Using aiminify.minify in your Python code
To compress a model using a Python script it is possible to import aiminify.minify and call the main(...) function. As shown in the example below:
from aiminify.minify import main
from your_project import model
compressed_model, _ = main(model)
Depending on the type of model you are compressing it can be stored using the appropriate methods. As aiminify supports PyTorch and Tensorflow as backends, the different storing methods are implemented in the save_model() function.
#
# Using PyTorch as a backend
#
from aiminify.minify import main as minify
from aiminify import save_model
from your_project import model
# For Quantized Torch models, the input shape is needed to save the model
compressed_model, _ = minify(model)
save_model(compressed_model, "./compressed-pytorch-model.pt", input_shape)

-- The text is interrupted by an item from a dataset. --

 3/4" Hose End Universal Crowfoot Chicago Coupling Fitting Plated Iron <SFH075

# For non Quantized models, you can save without the input shape
compressed_model, _ = main(model, quantization=false)
save_model(compressed_model, "./compressed-pytorch-model.pt")
#
# Using Tensorflow as a backend
#
from aiminify.minify import main as minify
from aiminify import save_model
from your_project import model
compressed_model, _ = minify(model)
save_model(compressed_model, "./compressed-tensorflow-model.keras")

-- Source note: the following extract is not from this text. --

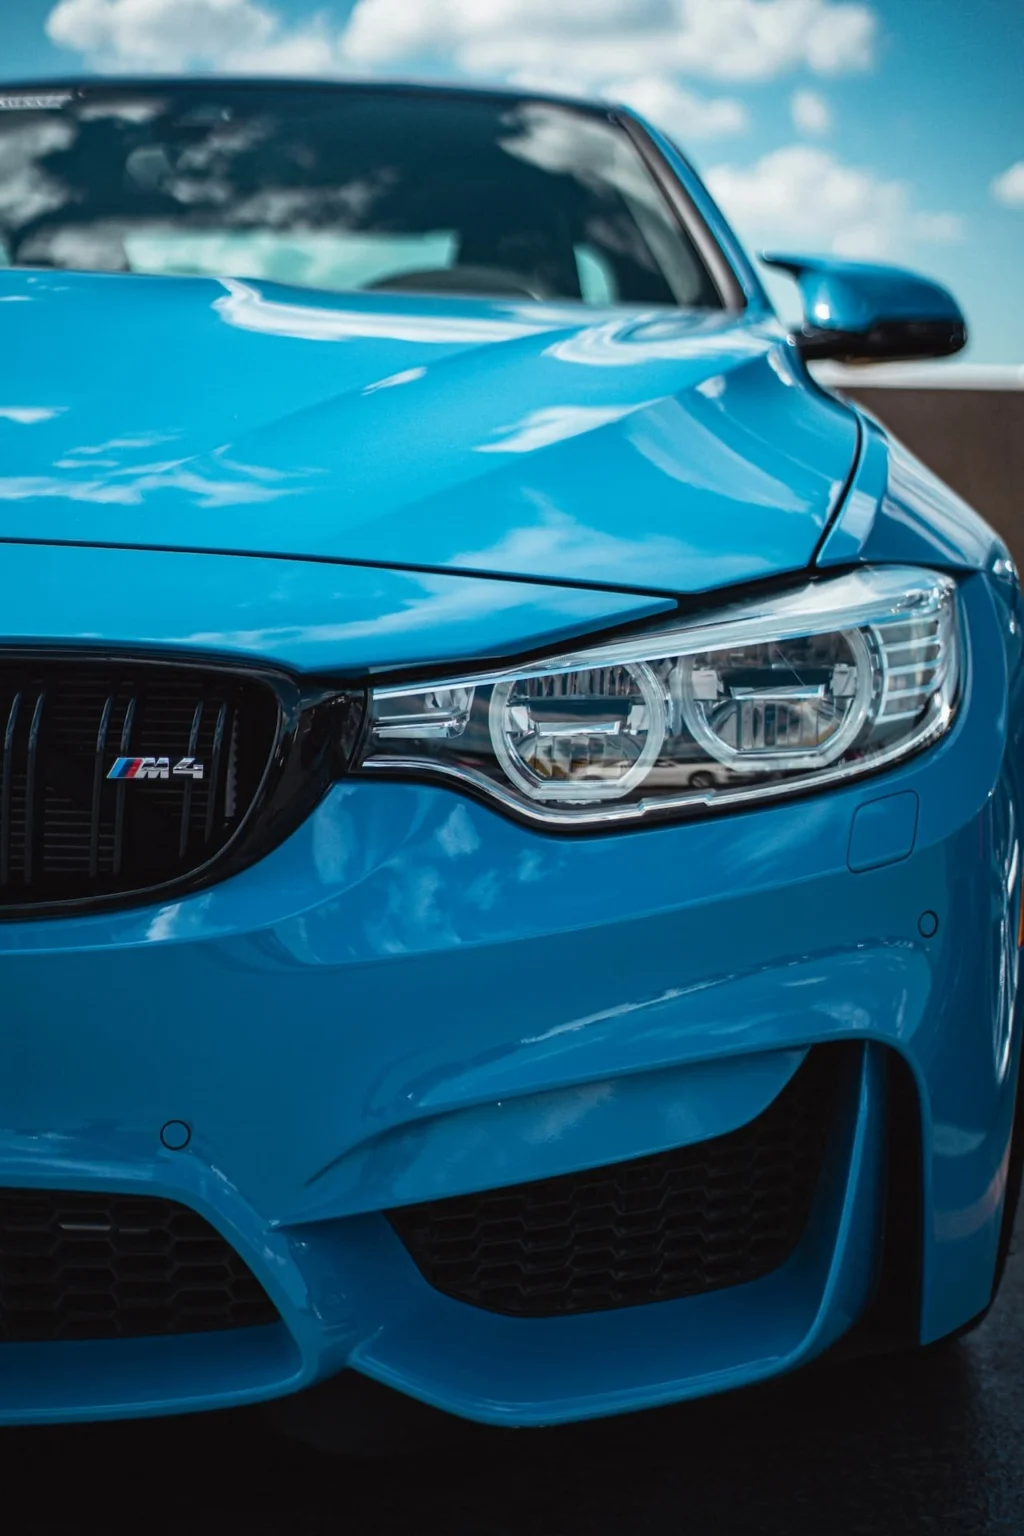 Close-up front shot of a turquoise BMW M4

| Name | Type and default value | |
model | Any, required | The model to compress |
compression_strength | int(0, 5), default 3 | Compression strength to use for defining the compression strategy |
training_generator | Any, default None | Training set used for fine tuning |
validation_generator | Any, default None | Validation set used for fine tuning |
loss_function | Any, default None | Loss function used for fine tuning |
verbose | int(0, 5), default 0 | Verbosity level |
quantization | bool, default True | Quantize model |
fine_tune | bool, default True | Fine tune the model after compression |
precision | String, default fp32 | Fine tuning precision. Options are “fp32” or “mixed” |
smart_pruning | bool, default True | Use a strategy for determining the amount of filters to prune instead of flat pruning x % of all filters. |
debug_mode | bool, default False | Debug logging mode |
aiminify.minify.main argumentsThe return value of main is (compressed_model, feedback_dictionary). compressed_model is, as the name would suggest, your compressed model using the same backend as the input (Tensorflow, PyTorch). feedback_dictionary contains logs and miscellaneous messages from the compression algorithm.

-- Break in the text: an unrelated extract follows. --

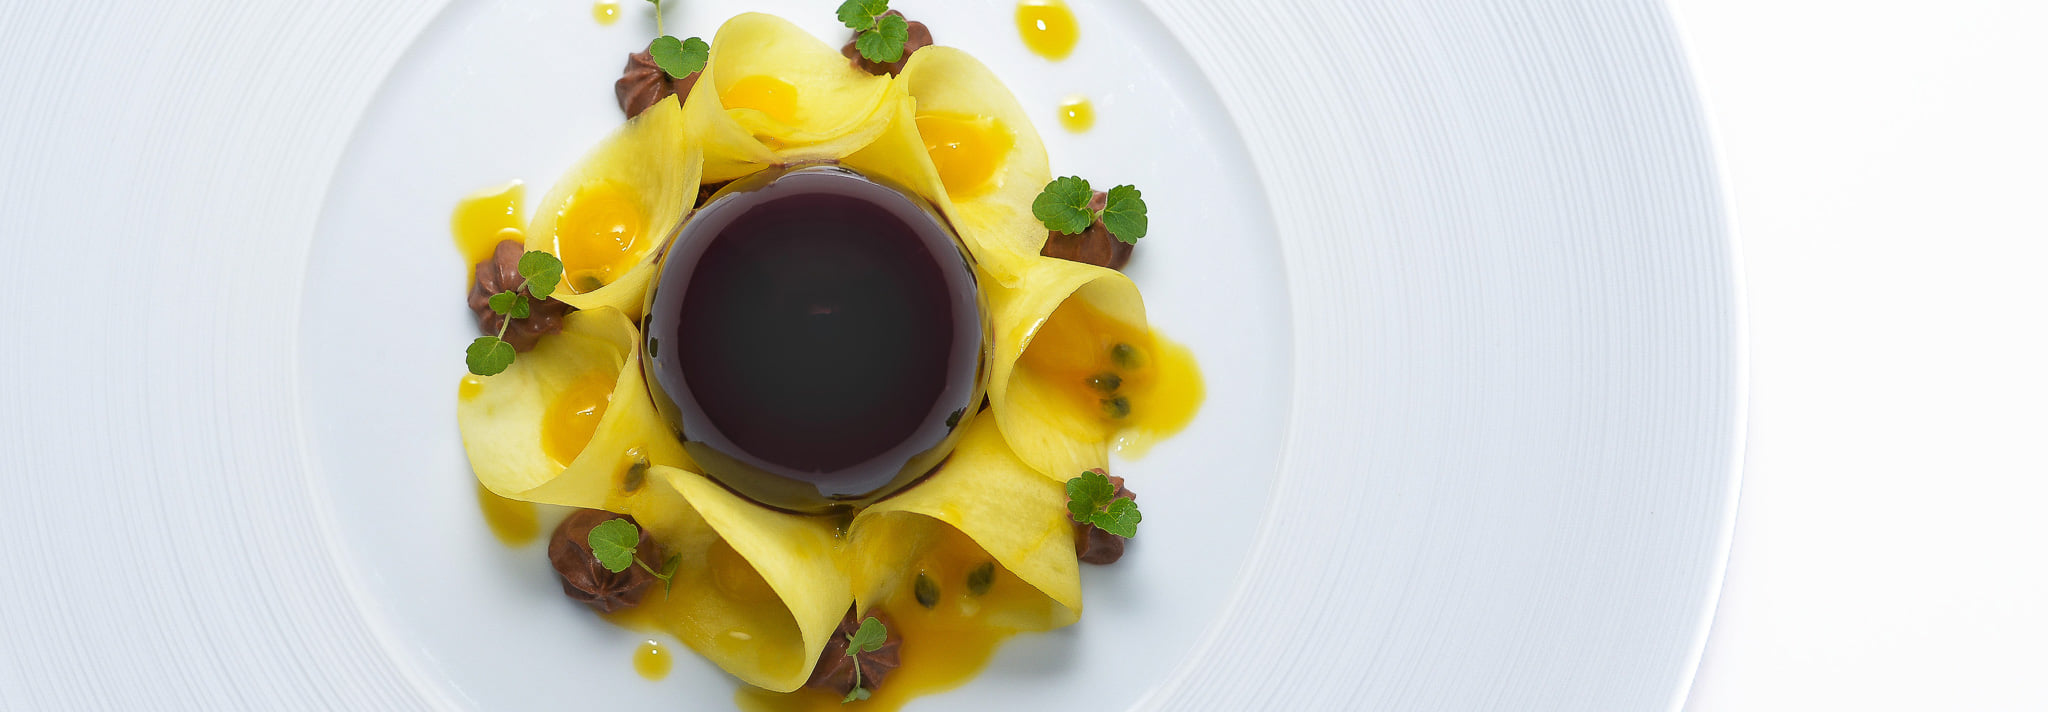 A gourmet and exotic-style dessert at gastronomic restaurant Le Cèdre de Montcaud, in the shape of a sunflower

training_generator, validation_generator and loss_function can be specific to the backend you’re using. For example when using pytorch the training_generator and validation_generator need to be a subclass of torch.utils.data.Dataset. For Tensorflow these can be a subclass of tensorflow.data.Dataset. Similar with loss_function for PyTorch this can be any member of torch.nn.modules.loss and for Tensorflow this can be any implementation of tf.keras.losses.Loss.